All entries for January 2009
January 27, 2009
Repositories are good because they save money.
Writing about web page http://www.jisc.ac.uk/publications/publications/economicpublishingmodelsfinalreport.aspx
A report has just been released, describing research on publishing models for journal articles, comparing the costs of our traditional subscription based system with open access funded by authors' fees and open access publishing via online repositories. In theory, it ought to be significantly cheaper for UKHEs if we go down the open access route, according to the report.
The SherpaROMEO website lists the costs of journals which allow authors to pay a fee to publish under open access, and the costs seem to be very high, in some instances over £2000 per article: http://www.sherpa.ac.uk/romeo/PaidOA.html
I haven't read the report in full, but I'm pretty sure that the costs it predicts and the savings that might be possible would only work if we went for open access in a wholesale way, as a whole sector, rather than piecemeal situation we have at the moment, which is reflected in Sherpa's list.

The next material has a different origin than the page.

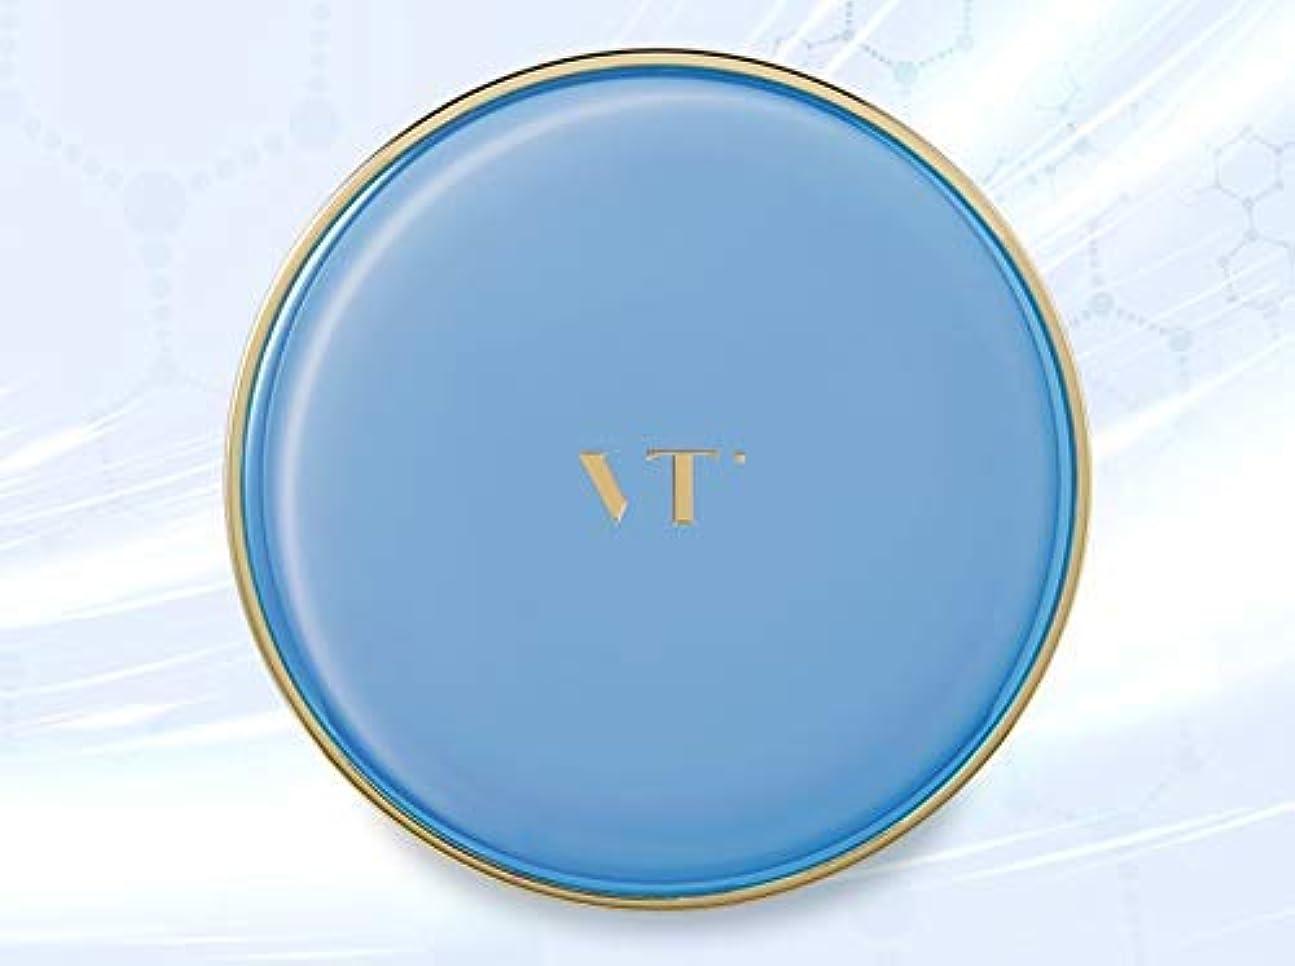 描写鑑定名誉あるVT ブルービタコラーゲンファクト SPF50+ PA+++ 11g 23号 / VT BLUE VITA COLLAGEN PACT 0.38 OZ [並行輸入品]

So, repositories could be a way to save a huge fortune. But they're not doing it yet, and we've got a long way to go in terms of engaging the authors and showing that it is worth their while to deposit on open access, before we can make that saving a reality.
January 19, 2009
Reports and Statistics I need from WRAP
1) 6 monthly report of data changes on WRAP to show which records have been altered since the date they were added into the live repository. (For sharing data with Warwick’s Research Support Services.) Not currently possible.

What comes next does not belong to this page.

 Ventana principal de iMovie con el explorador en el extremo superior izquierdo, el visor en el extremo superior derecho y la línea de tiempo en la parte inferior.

2) A graph to show how the pattern of new record creation/repository growth has gone, over the last x months/year. I can get this from ROAR. (http://www.roar.org)
3) Monthly report of all records added since last month, with data in specific formats to suit RSS’ InfoEd system (and/or other departments at Warwick). Key issues with sharing with RSS: need to store staff number (or key to call up staff number) for each Warwick staff member amongst the authors, and lack of security for such data in WRAP. Also, page range is currently exported as, eg 51-72, whereas RSS need it as "start page 51, end page 72". More investigation into the technical possibilities for data sharing needs to be done. It may be significant that InfoEd attaches information to a person’s profile, relating to publications (& other activities). Whereas WRAP attaches information about authors to a record describing a publication.
4) Statistics on visitors to WRAP and what they are clicking on, where they come from, etc. Google Analytics does this well enough for me: I can see where they’re clicking, what keywords brought them to WRAP, to where in WRAP, and who their network provider is, (which is a clue to some academic interest, and also helps to identify internal interest). I can see what countries visitors are in, and what cities, etc. I can do all this at a per paper level, but I have to know which paper(s) I want to look at.
5) To look at features like those listed above, for a set of data (eg all by one author, or all for a particular department). Departments and authors may well want to know who is looking at their work in WRAP. I can look at particular paper, but not at a set: I would have to collate reports for each paper, in some way. IRStats should be able to do this, if we were to install it successfully on WRAP… although it may require some change in our workflow. At the moment, most papers are added to WRAP by our very own administrator, since authors use a separate (& simple) submission form. Authors do not upload data about their own publications and therefore the papers are not attached to separate accounts in WRAP. I believe that IRStats would need separate accounts to be used for each author’s papers, in order to produce reports on all of an author’s papers. Our administrator could create accounts in authors’ names and then log in as the author before creating the record… but that all presupposes that we can get IRStats to work, and that it does work as I expect.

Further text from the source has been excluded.